An examination of the ‘F’ word
“F**king amazing” is considered a compliment by the Chelsea chicks that chatter but “f**king cheat” is one that they find themselves often using to describe what’s gone wrong with their relationships. The ‘F’ word is used by such people in many contexts, but one has to ask “When is using it appropriate?”
In the course of an evening in a bar in Chelsea, I overheard many such examples ranging from “I’ve f**ked up as I missed my flight” to “f**k you, I want another drink”. Within the same group were individuals who stated “she’s f**king awesome” and others who concluded they’d be “waking up in the morning with a f**king hangover”. The ‘F’ word peppered their conversations and was plainly a staple of their vocabulary.
Considered the third most offensive profanity, the ‘F’ word, it turns out, can be applied to all eight distinct usages for curse words as defined by a linguist named Geoffrey Hughes.
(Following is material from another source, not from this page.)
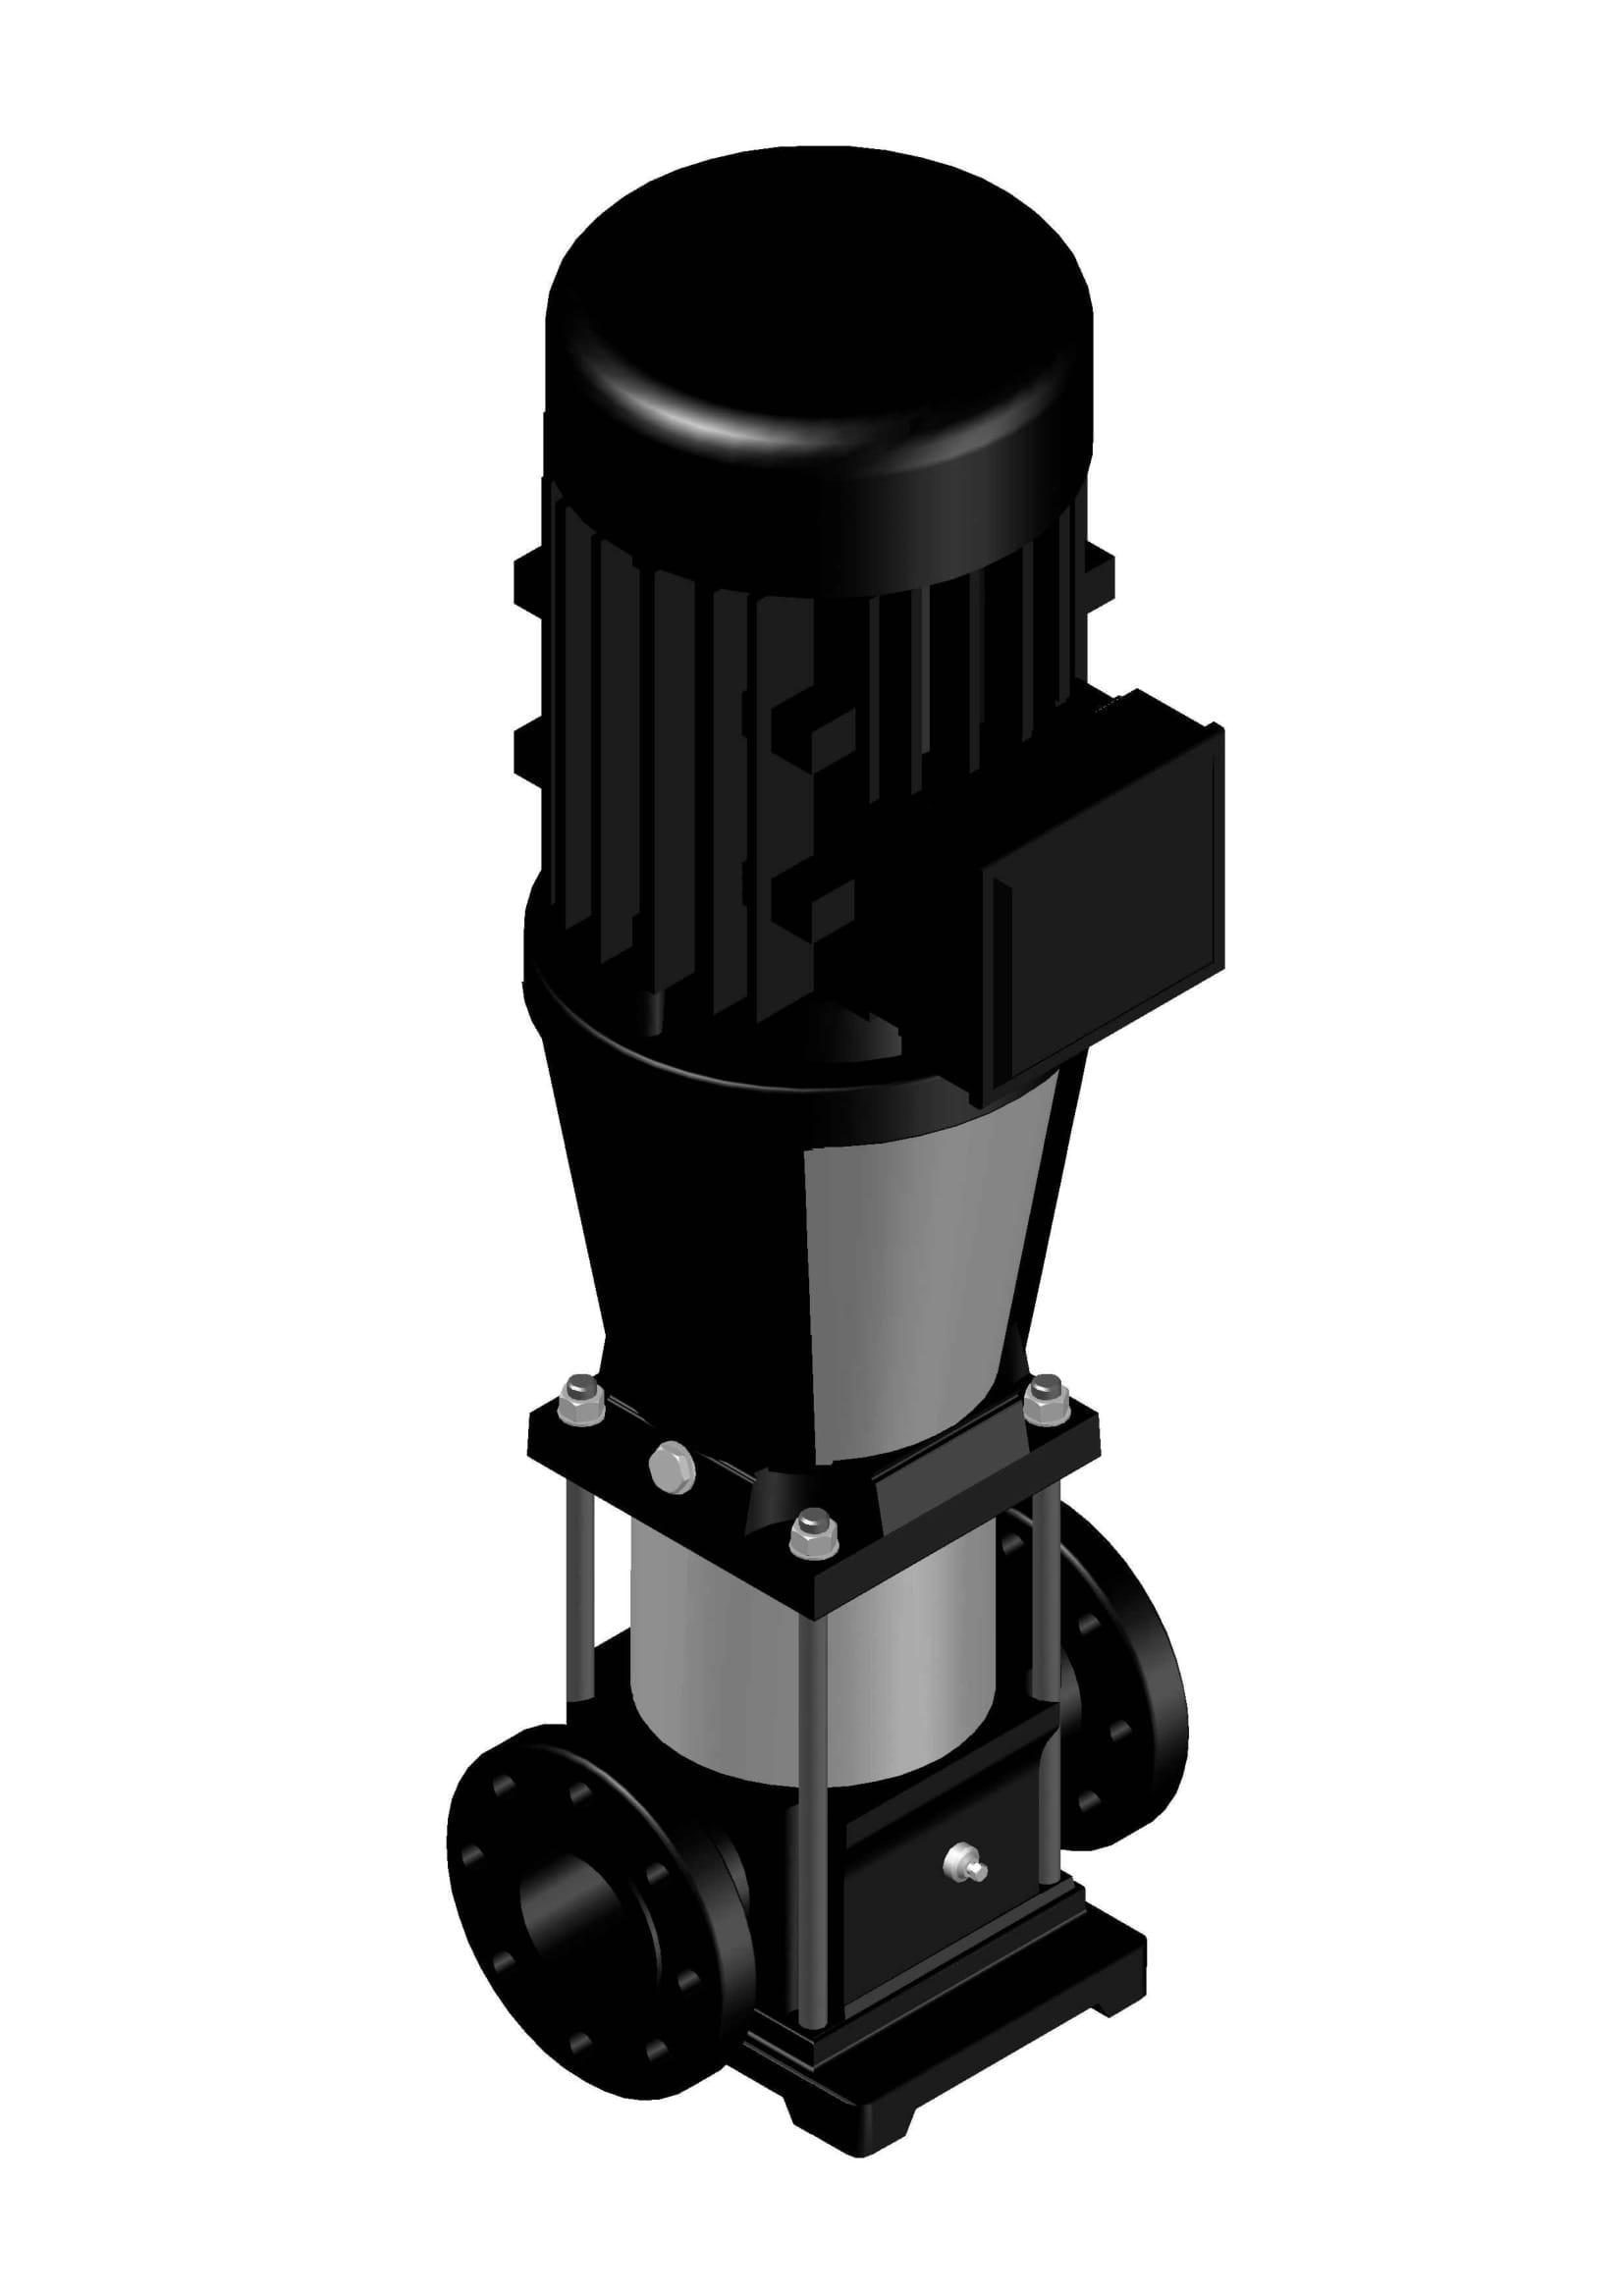 BV 64-02-01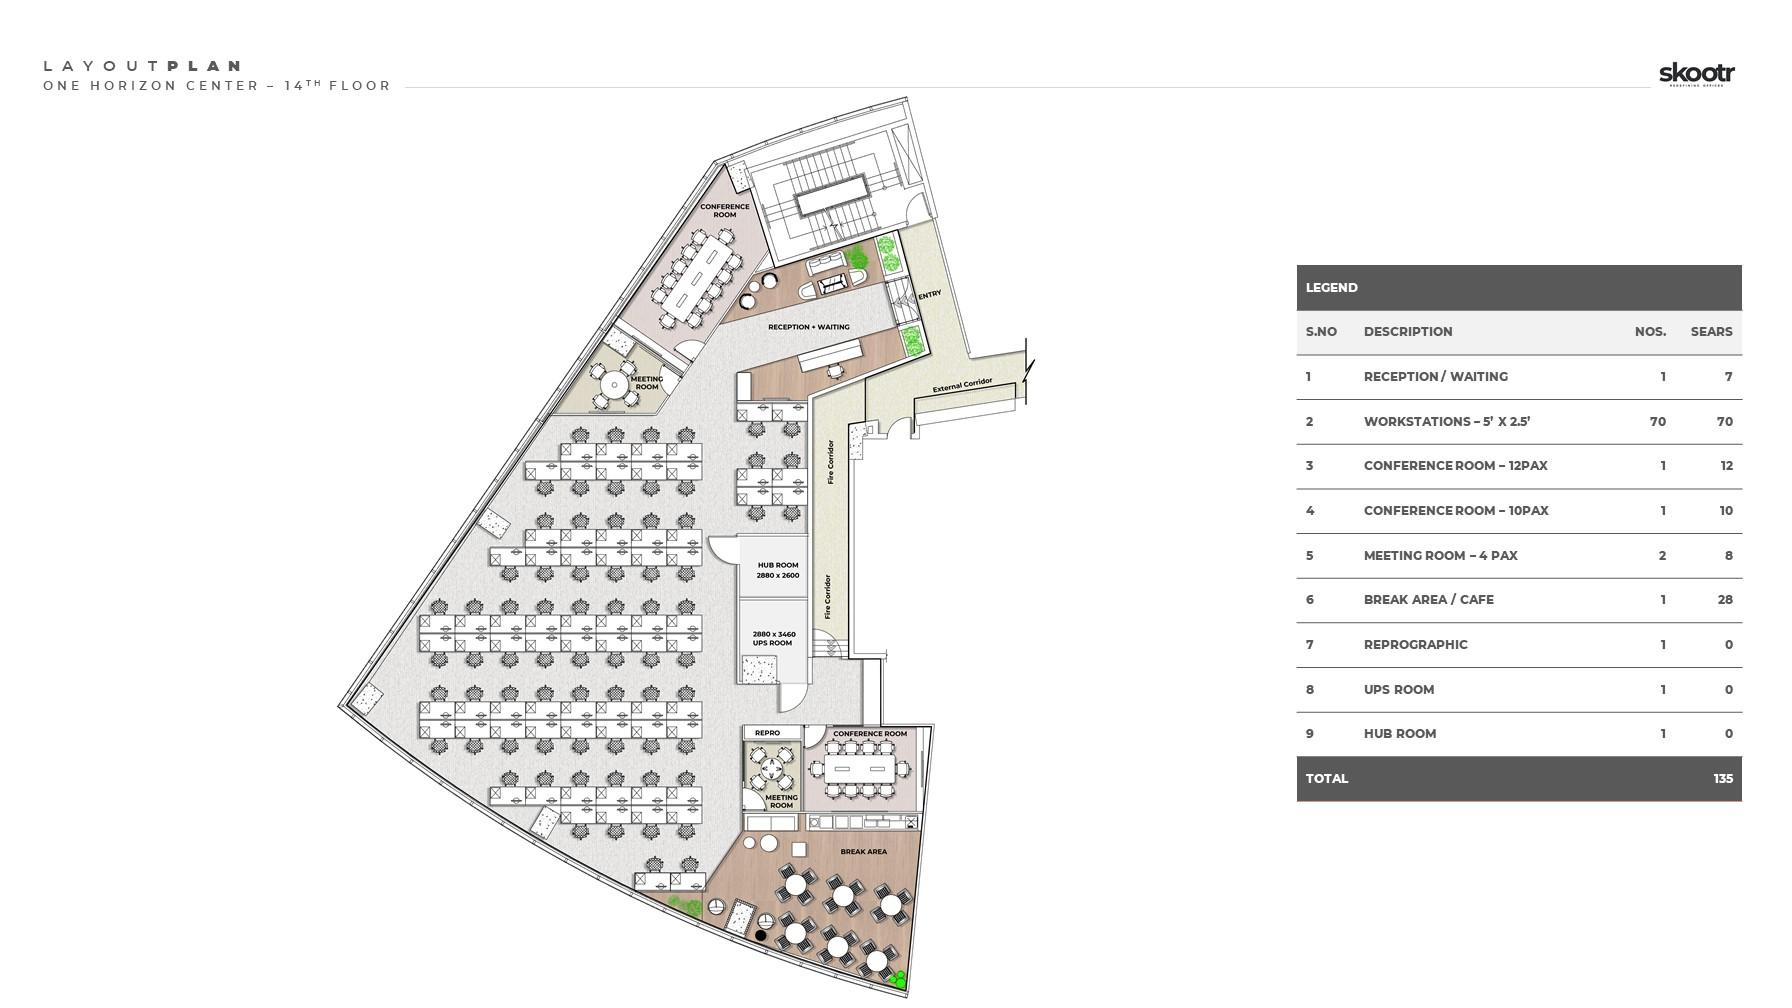 Skootr One Horizon Centre Layout Plan

It has been in the Oxford English Dictionary since 1972 but barred from titles in the United States. The ‘F’ word dates back to 1475 and is plainly something that isn’t going away.
We’ll leave the final word with the author Lisa Glatt. In A Girl Becomes a Comma Like That: A Novel, she states:
“I like the word ‘f**k’. The word means what it means, but it also means whatever you need it to mean”.